Lord Mayor of Portsmouth
- In office 13 May 2025 – 19 May 2026
- Deputy: Abdul Kadir
- Preceded by: Jason Fazackarley
- Succeeded by: Abdul Kadir

Deputy Lord Mayor of Portsmouth
- In office 14 May 2024 – 13 May 2025
- Leader: Jason Fazackarley
- Preceded by: Jason Fazackarley
- Succeeded by: Abdul Kadir

Leader of Portsmouth City Council
- In office 15 May 2018 – 16 May 2023
- Preceded by: Donna Jones (Con)
- Succeeded by: Steve Pitt (Lib Dem)
- In office 22 June 2004 – 3 June 2014
- Preceded by: Phil Shaddock (Lib Dem)
- Succeeded by: Donna Jones (Con)

Chair of the English Liberal Democrats
- In office 20 February 2020 – December 2020
- Preceded by: Tahir Maher
- Succeeded by: Alison Rouse

Member of Portsmouth City Council for Milton Ward
- Incumbent
- Assumed office 5 May 2003
- Preceded by: Nigel Sizer (Lib Dem)

Personal details
- Born: January 10, 1962 (age 64) Lymington, Hampshire, England
- Party: Liberal Democrats
- Spouse: John Jarvis ​(died 2024)​
- Alma mater: University of Southampton, University of Liverpool
- Occupation: Politician
- Awards: Commander of the British Empire

= Gerald Vernon-Jackson =

British Liberal Democrat politician

Robert Gerald van Cortlandt Vernon-Jackson CBE (born 10 January 1962) is a Liberal Democrat politician in Portsmouth, England. He was the leader of Portsmouth City Council between 2004–2014 and 2018–2023, Lord Mayor of Portsmouth for the 2025-26 municipal year, and has served as a councillor for Milton Ward since 2003.

==Personal life==
Vernon-Jackson was born in Hampshire, England. He is the son of Jean Vernon-Jackson MBE, former Chairman of Hampshire County Council and New Forest District Council, and a graduate of the University of Liverpool and University of Southampton with a bachelor's degree in History and a Master's in Social Care, respectively.

==Political career==
Vernon-Jackson was an elected member of the Newbury Council from 1995 to 2003, where he served as Deputy Leader of the Liberal Democrats group. During this period, he served as Head of Office for Newbury MP David Rendel, and the Deputy Director of Campaigns of the Liberal Democrats.

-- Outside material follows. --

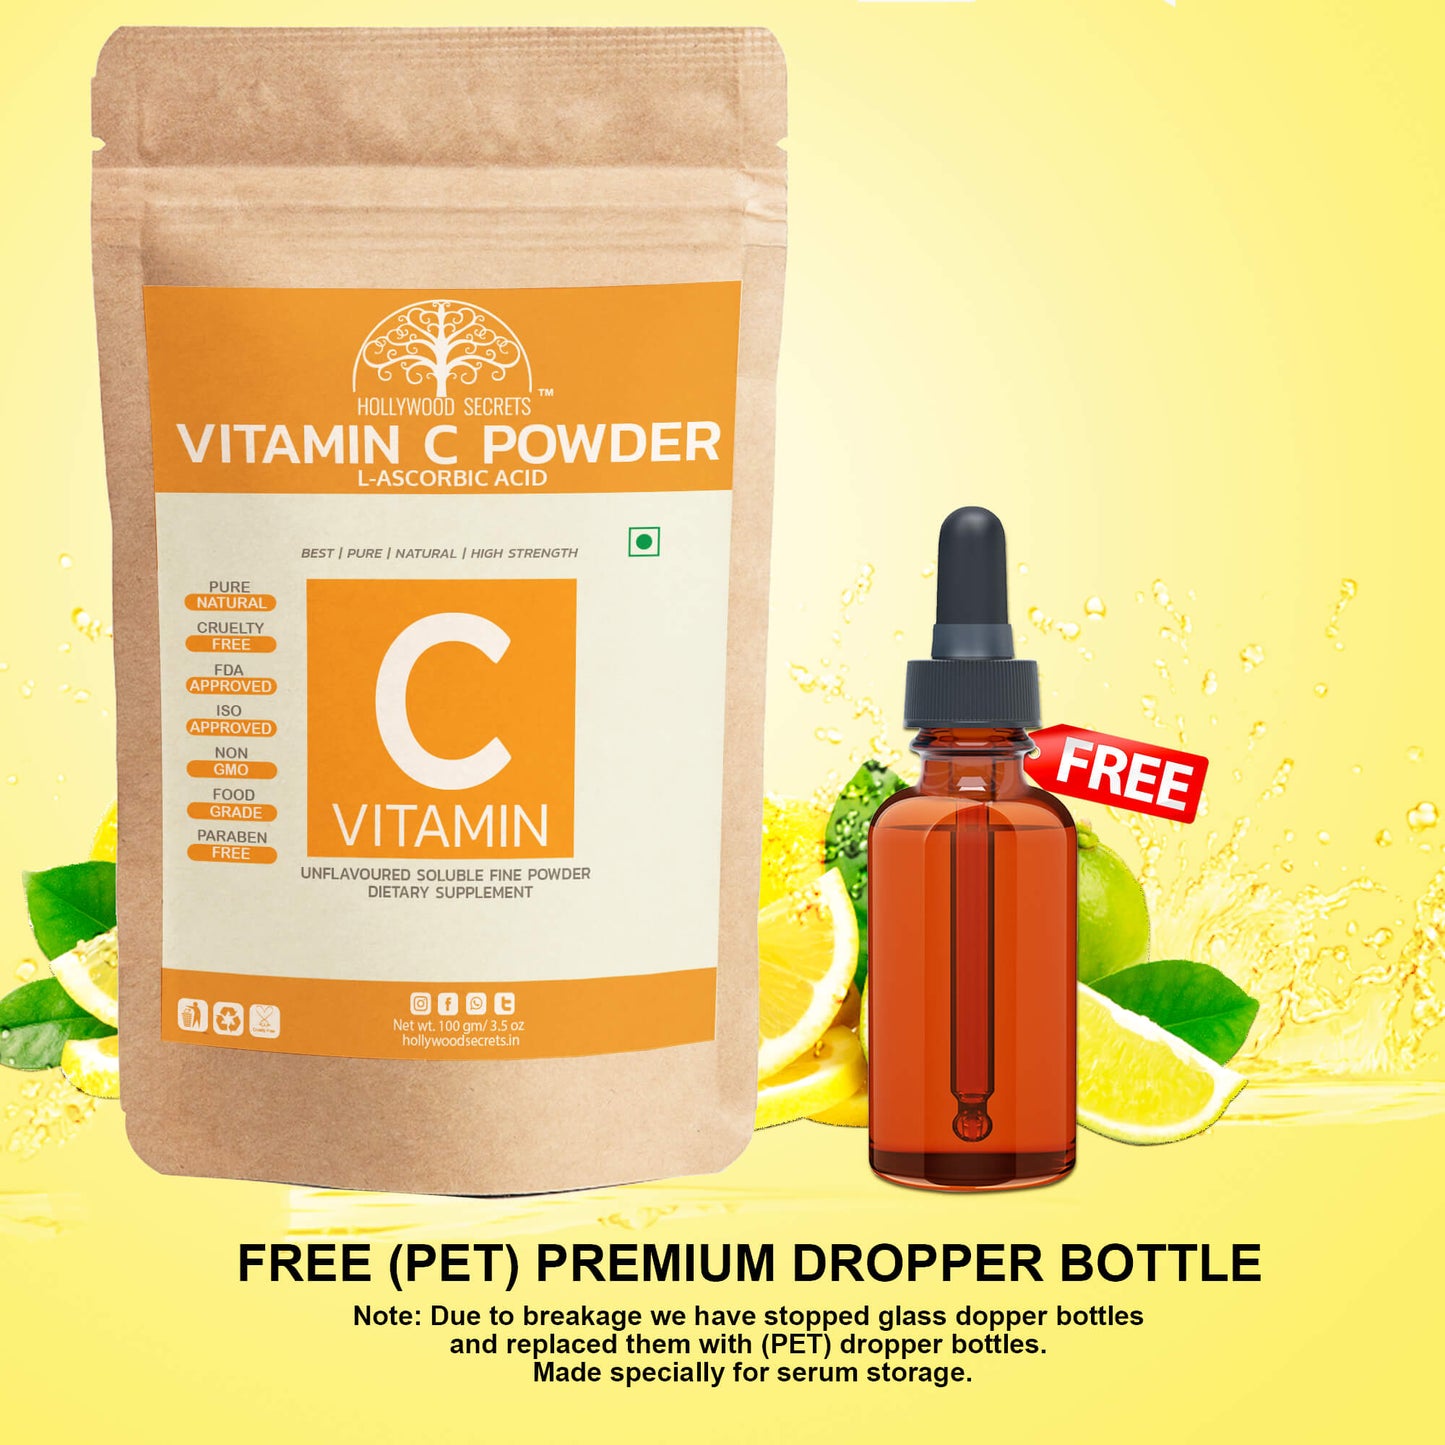 Vitamin C L-Ascorbic Powder 100gm Hollywood Secrets
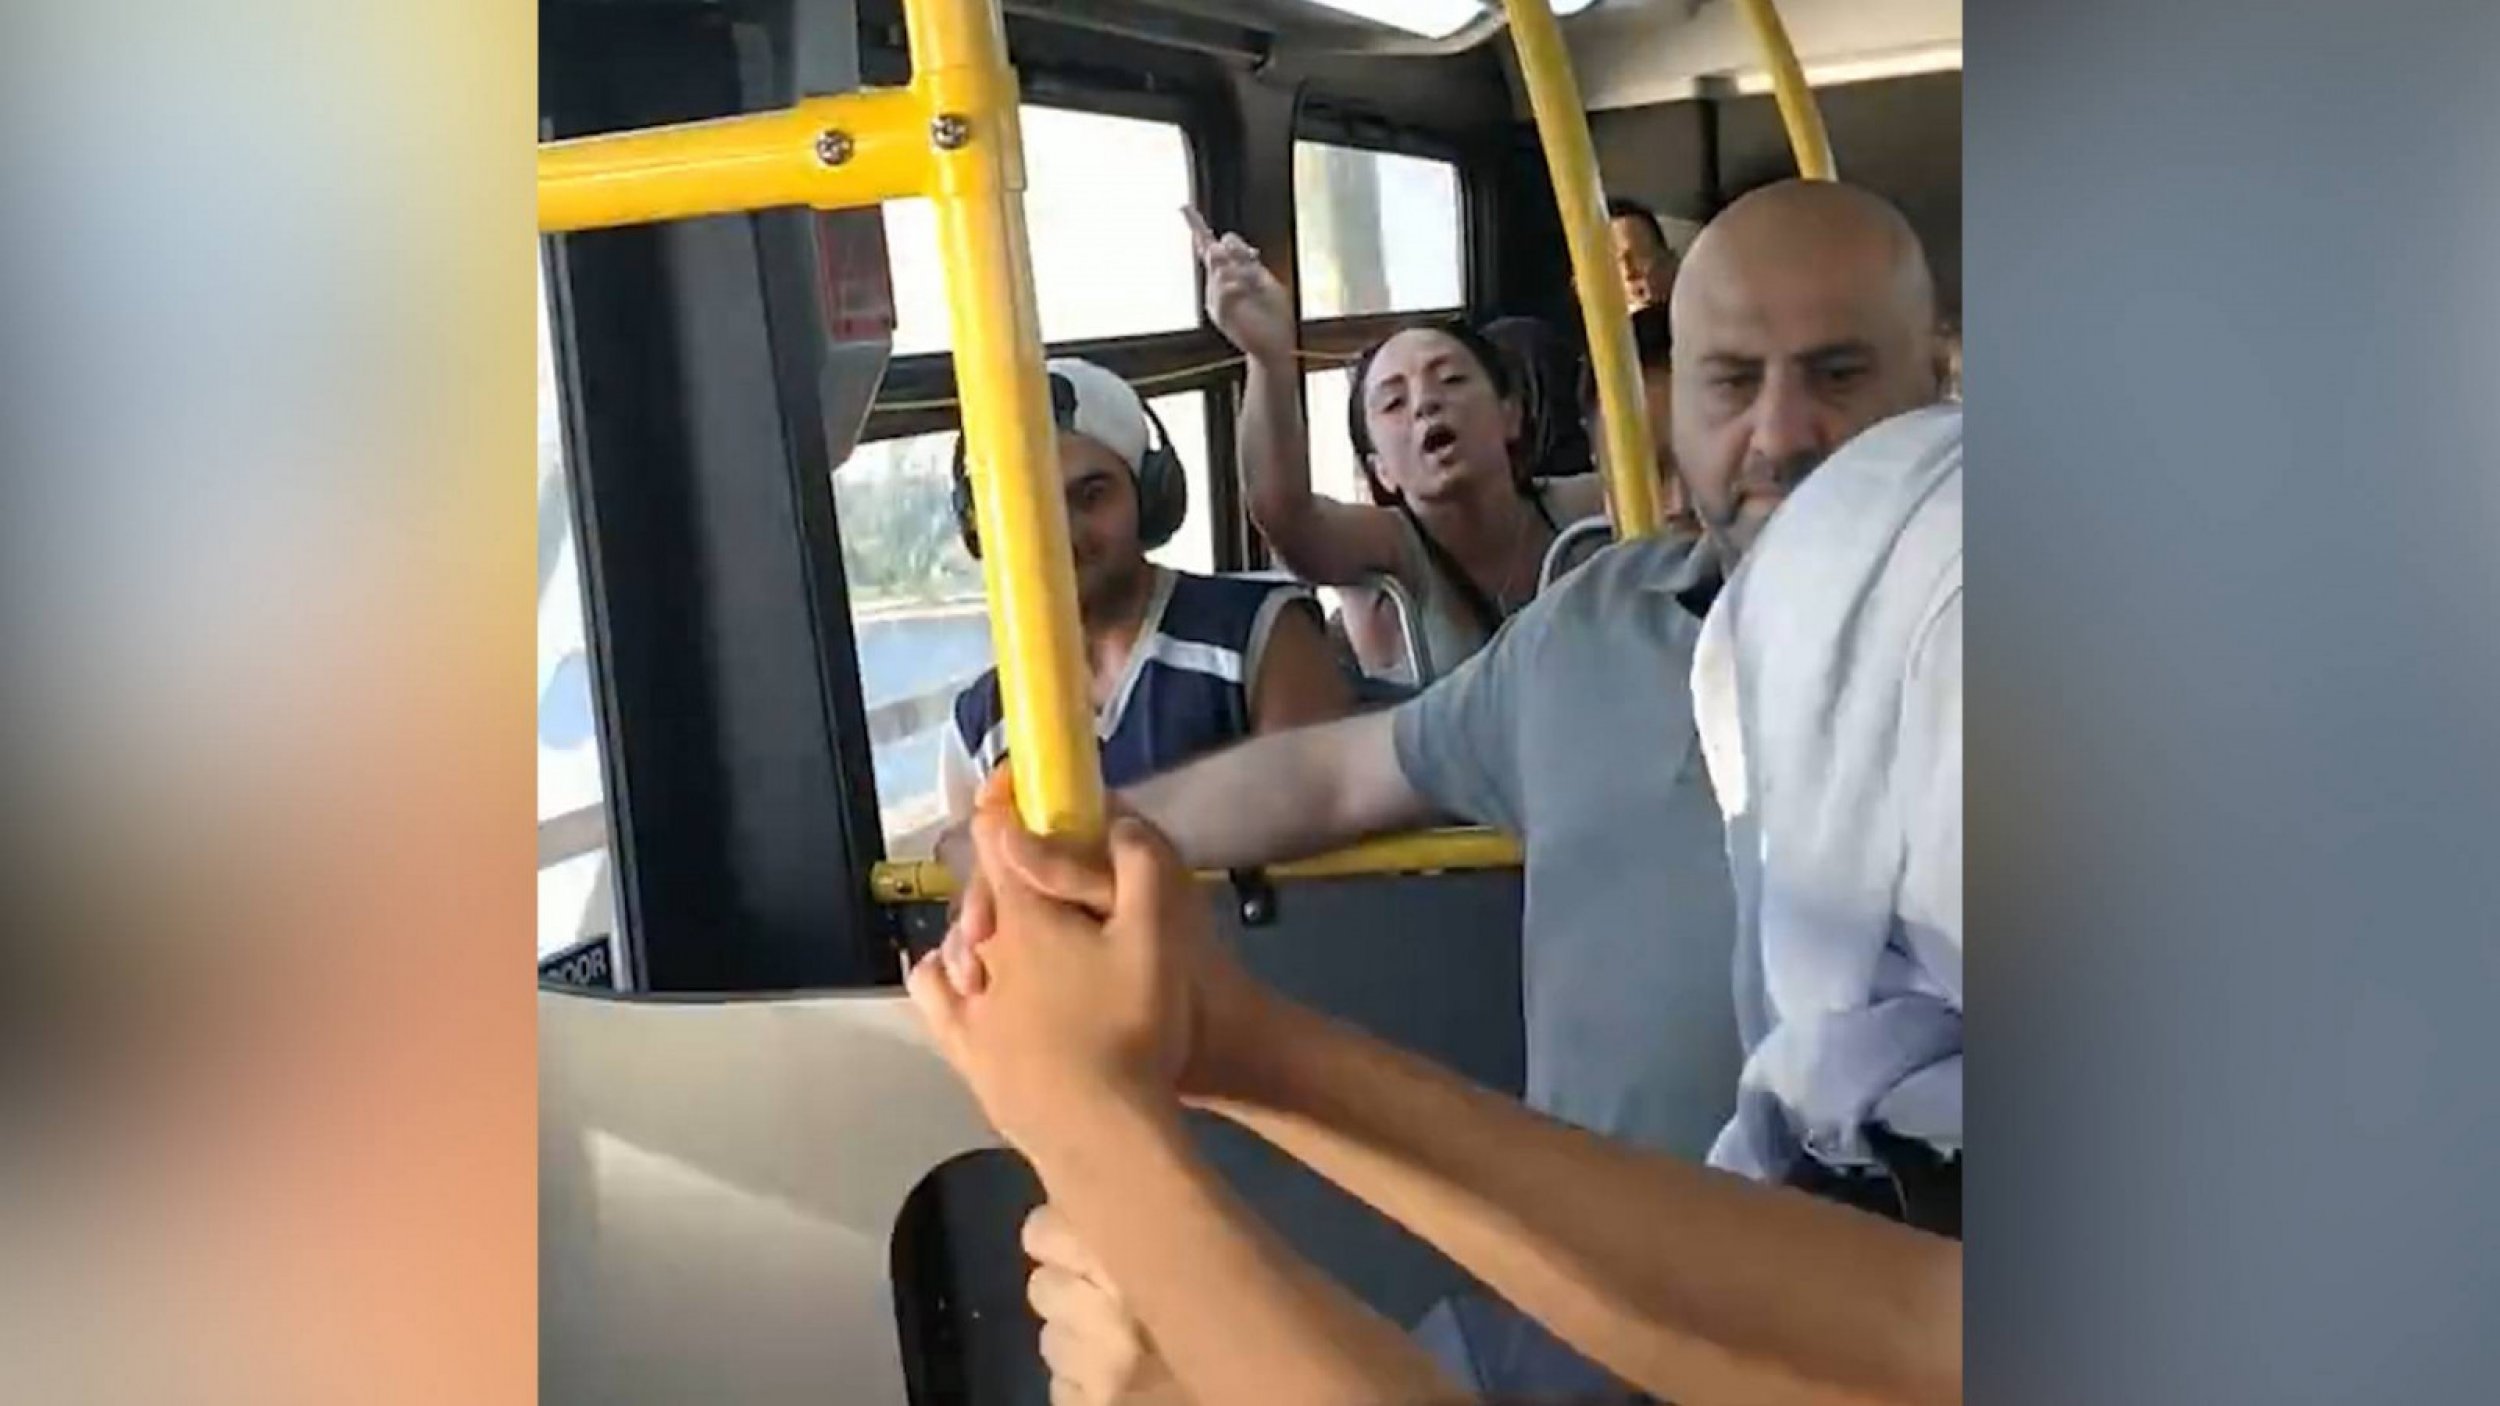 Bus Riders Angry Rant Targets Muslim Woman

He would also contest the European Parliament Election, 1999 as 8th member of the Liberal Democrats list for the South East England constituency, ahead of future MEP Catherine Bearder. In 2003 he was elected to Milton Ward and assumed the Deputy Leadership of the Portsmouth Liberal Democrats Group. In 2004 he became Leader of the Council, a position he held until the 2014 council election. During this period, the Liberal Democrat administration was accused of covering up an independent report into allegations of sexual harassment made against then-MP Mike Hancock, Vernon-Jackson himself having dismissed the accusations as being motivated by possible financial gain.

In a letter to Michael Gove, minister in charge of no-deal Brexit planning, Vernon-Jackson accused the Government of underestimating the potential strife caused by a no-deal Brexit to Portsmouth docks.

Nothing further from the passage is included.